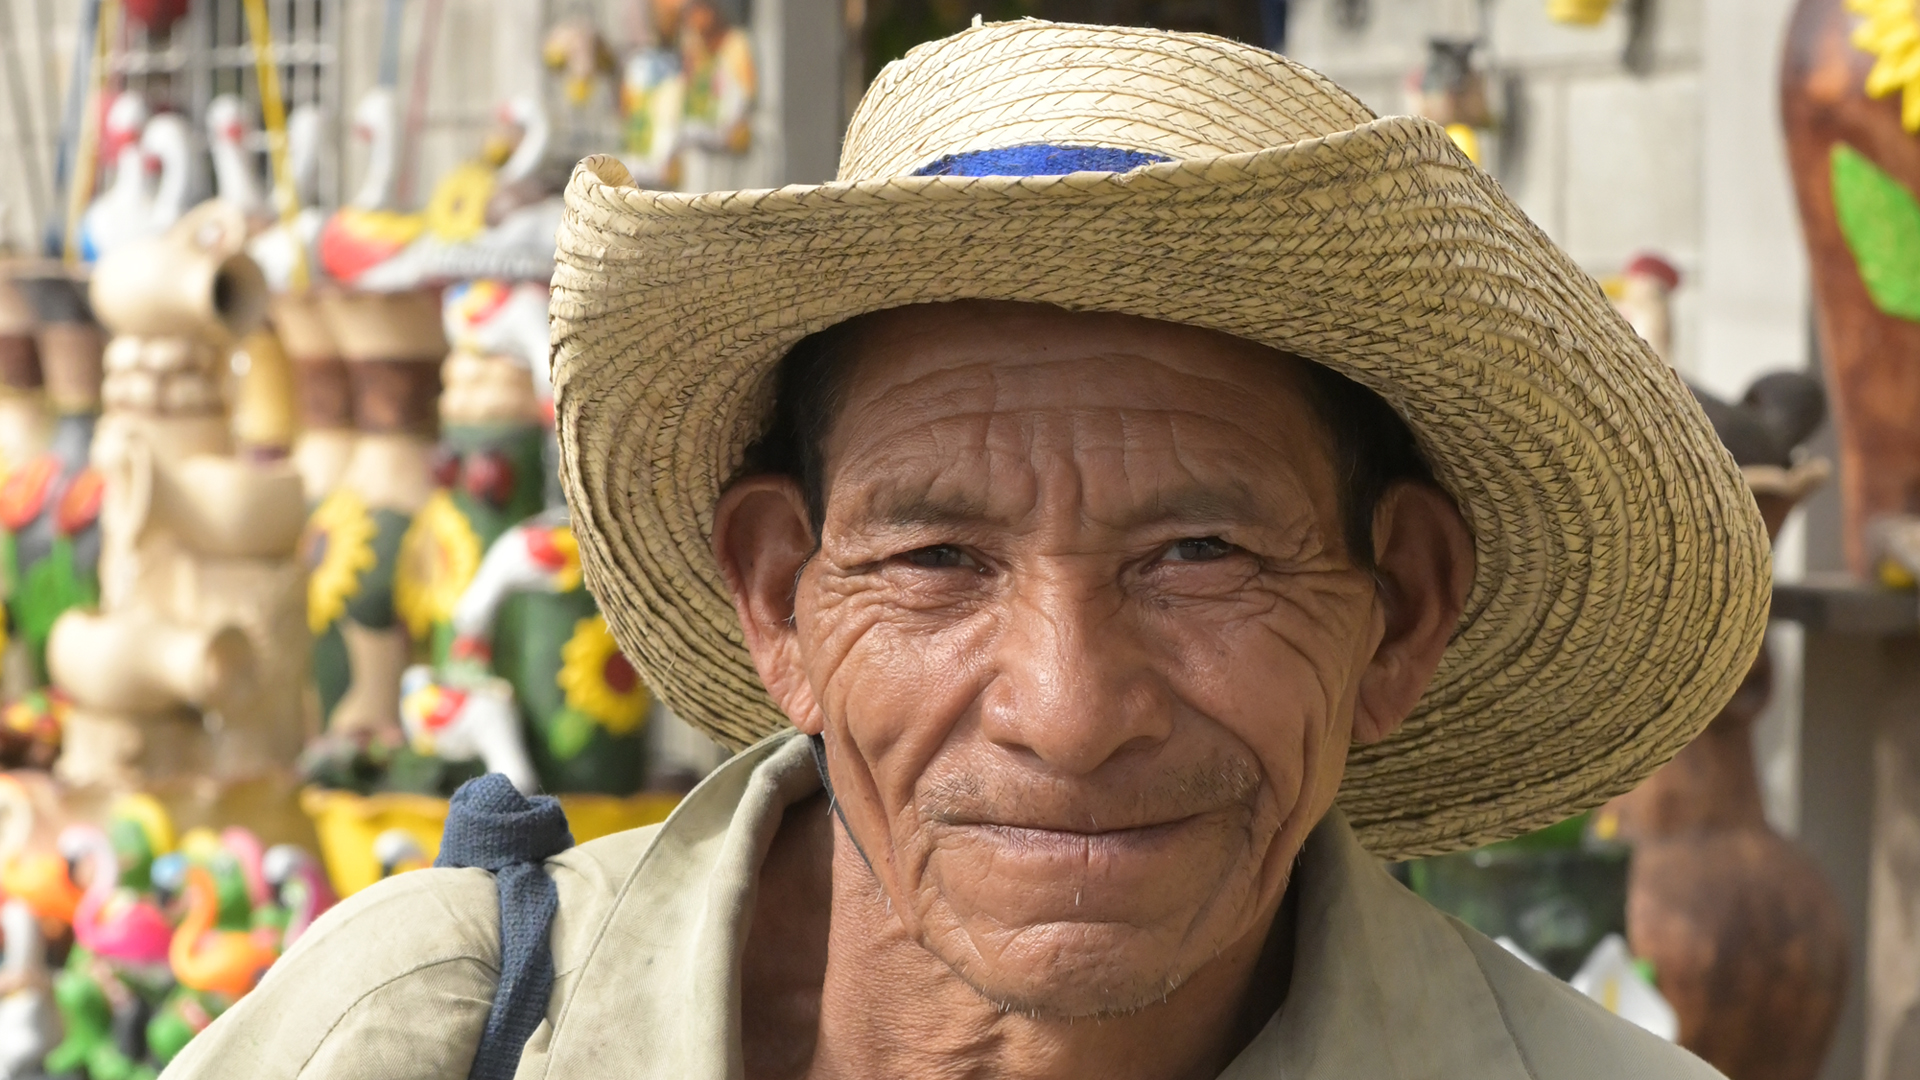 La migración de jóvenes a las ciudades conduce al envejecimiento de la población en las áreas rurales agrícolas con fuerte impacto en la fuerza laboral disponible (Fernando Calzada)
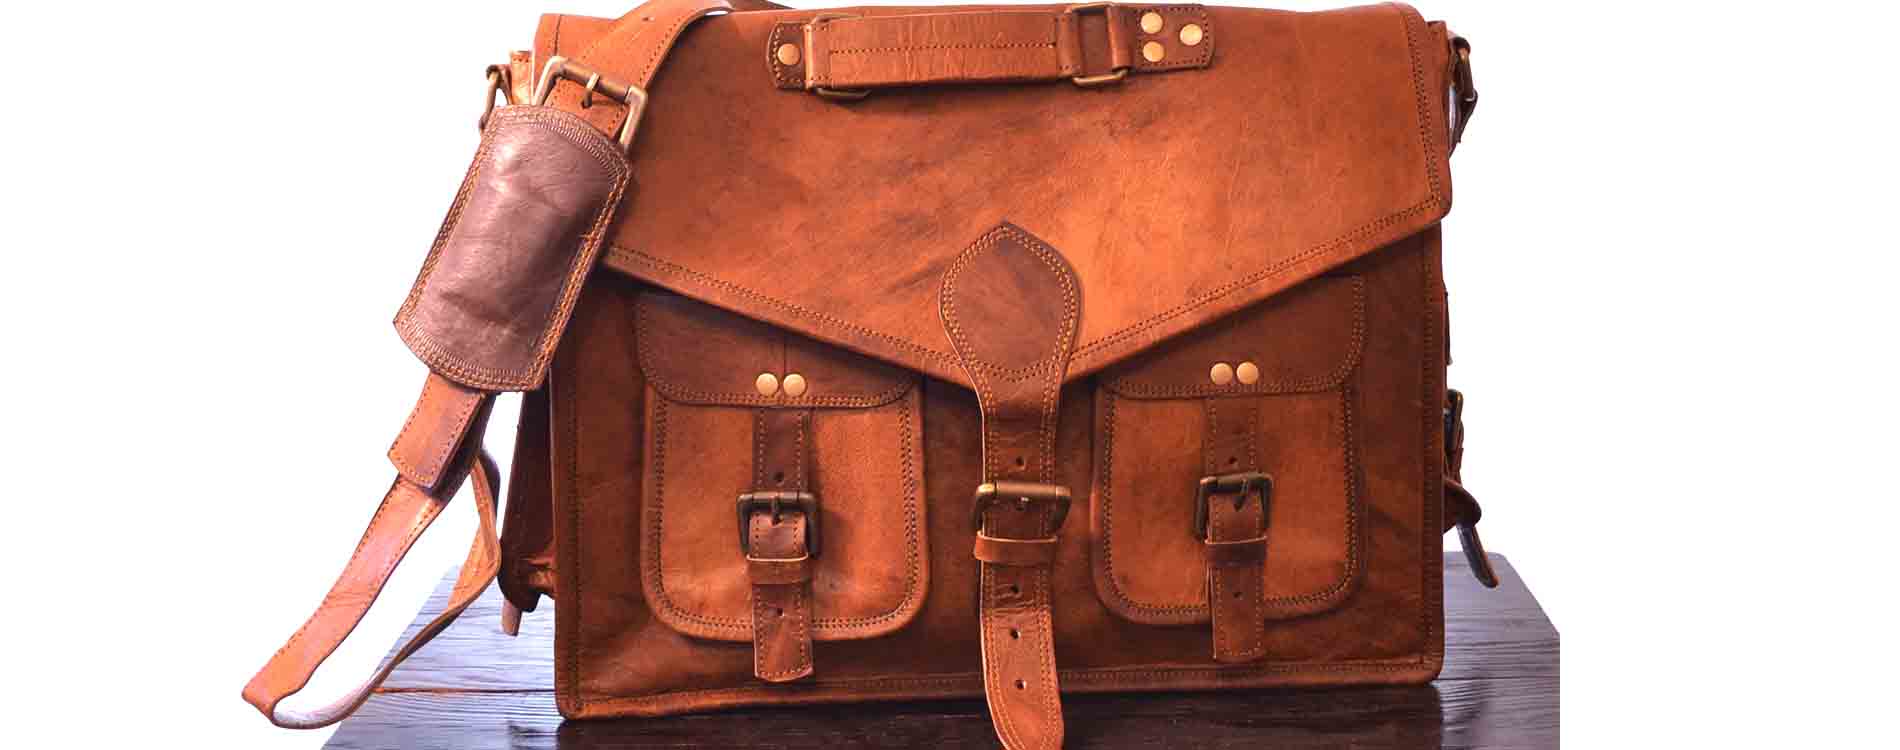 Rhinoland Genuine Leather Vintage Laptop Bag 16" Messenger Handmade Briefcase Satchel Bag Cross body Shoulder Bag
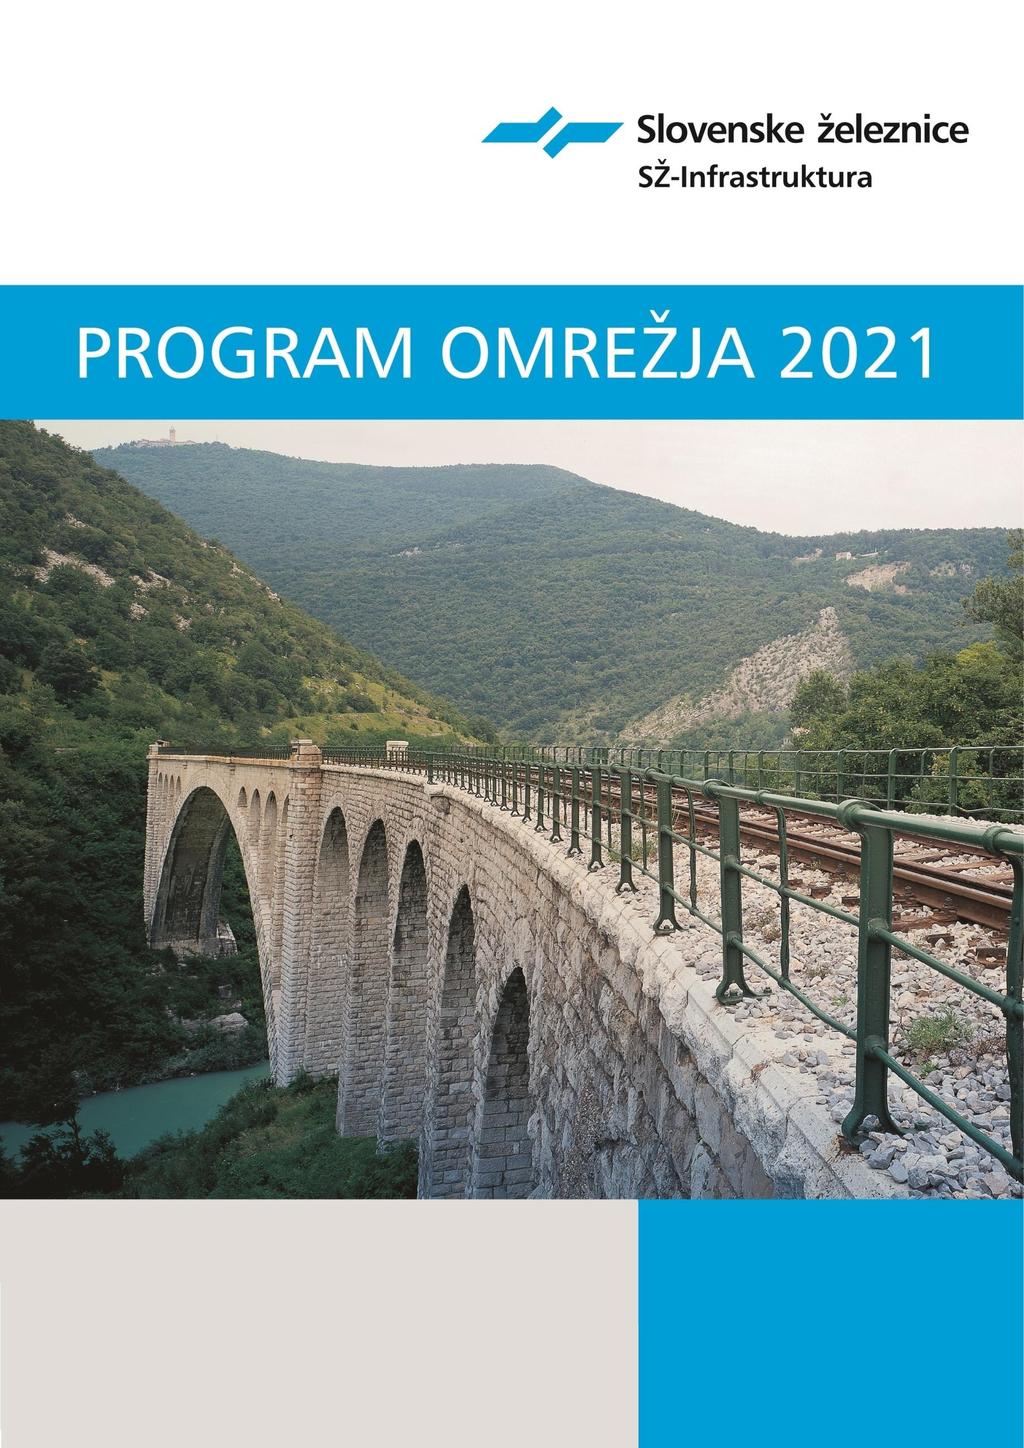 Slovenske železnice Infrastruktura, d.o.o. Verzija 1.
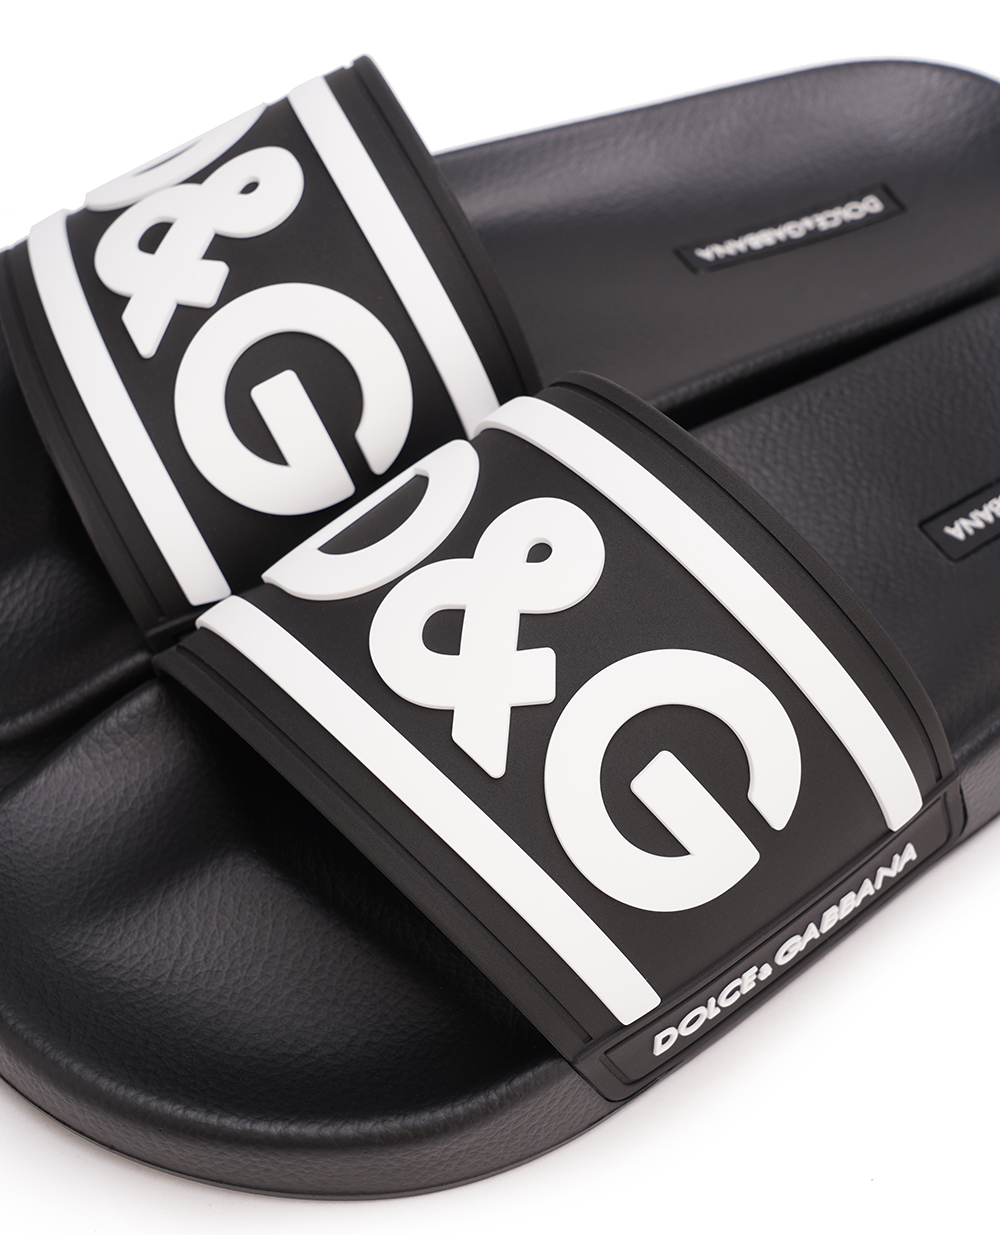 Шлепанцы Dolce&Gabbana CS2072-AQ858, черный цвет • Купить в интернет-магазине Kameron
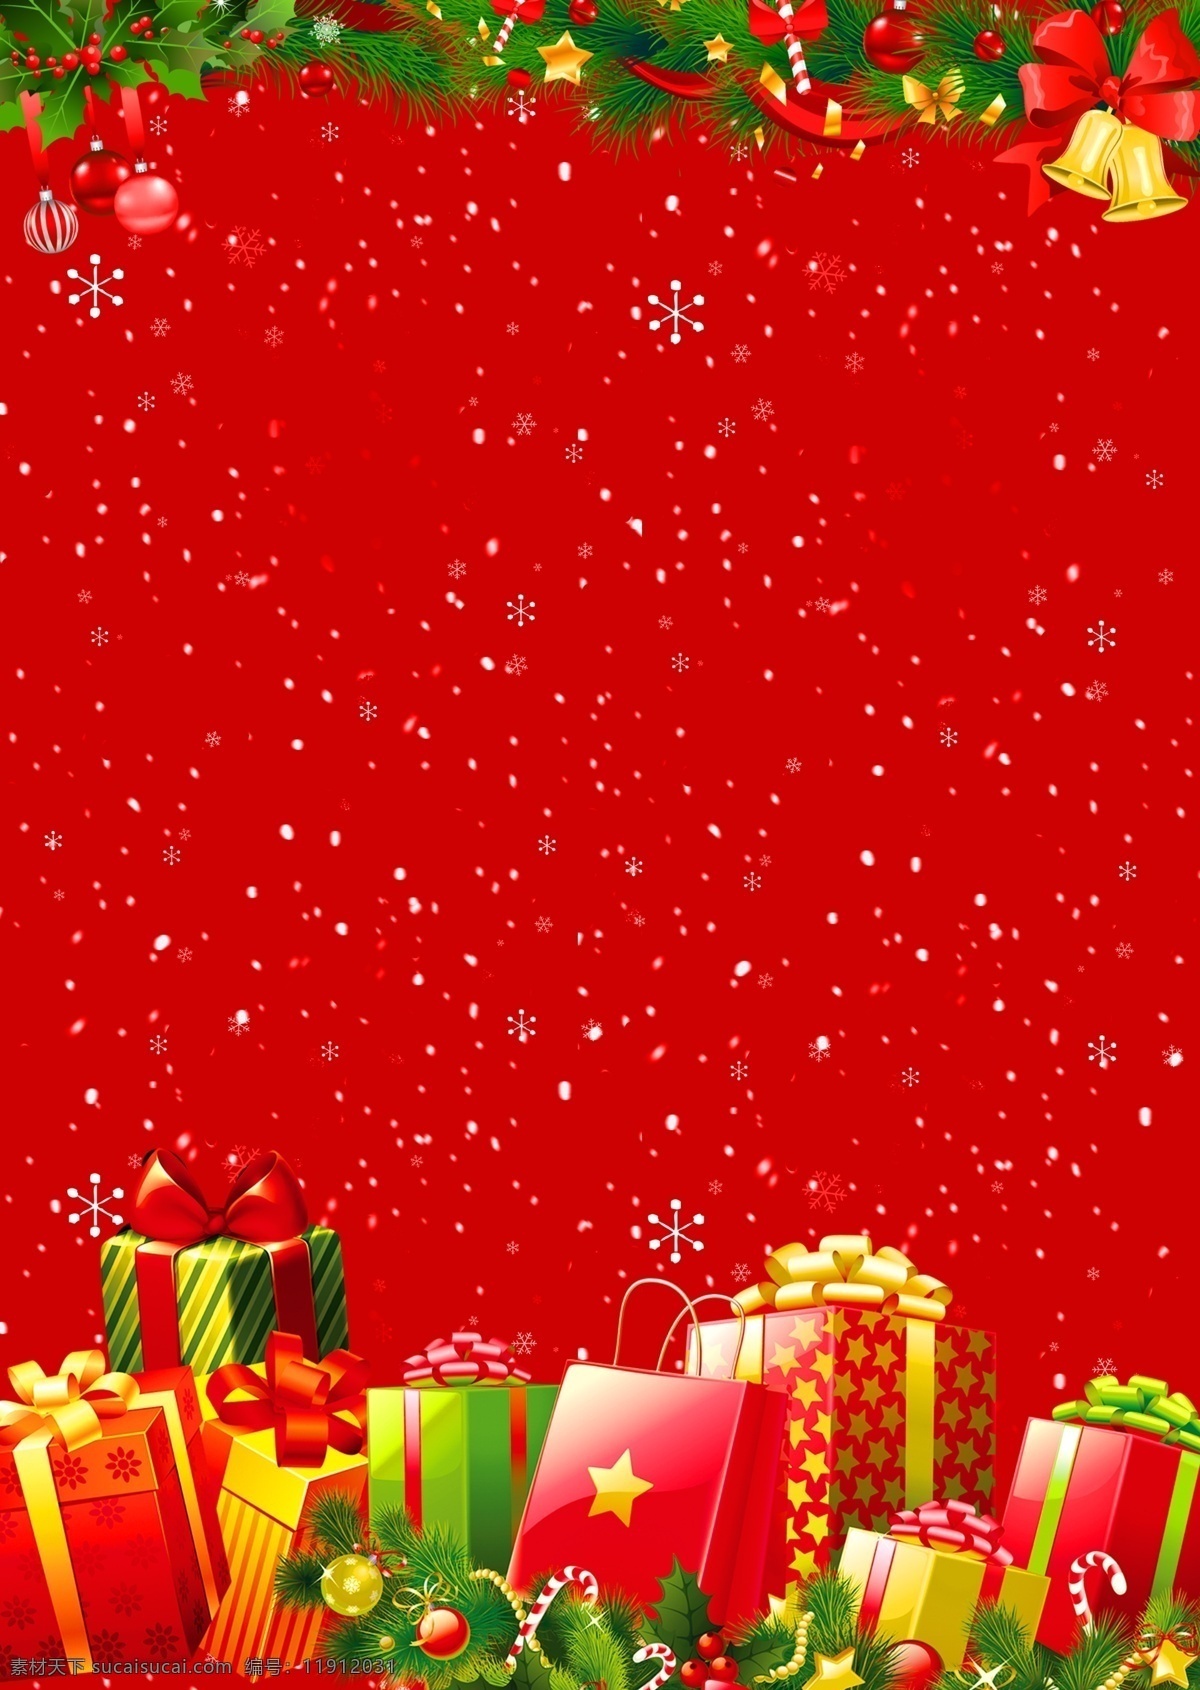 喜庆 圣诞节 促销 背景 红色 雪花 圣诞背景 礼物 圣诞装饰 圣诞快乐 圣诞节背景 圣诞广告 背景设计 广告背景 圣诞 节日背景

+ + + +

= EXERCISE REQUIREMENTS =
Return all records exactly as they stand above, except for pictures.

= WRITTEN RESPONSE =
 La migración de jóvenes a las ciudades conduce al envejecimiento de la población en las áreas rurales agrícolas con fuerte impacto en la fuerza laboral disponible (Fernando Calzada)
 Rhinoland Genuine Leather Vintage Laptop Bag 16" Messenger Handmade Briefcase Satchel Bag Cross body Shoulder Bag
 Slovenske železnice Infrastruktura, d.o.o. Verzija 1.
 Шлепанцы Dolce&Gabbana CS2072-AQ858, черный цвет • Купить в интернет-магазине Kameron
 喜庆 圣诞节 促销 背景 红色 雪花 圣诞背景 礼物 圣诞装饰 圣诞快乐 圣诞节背景 圣诞广告 背景设计 广告背景 圣诞 节日背景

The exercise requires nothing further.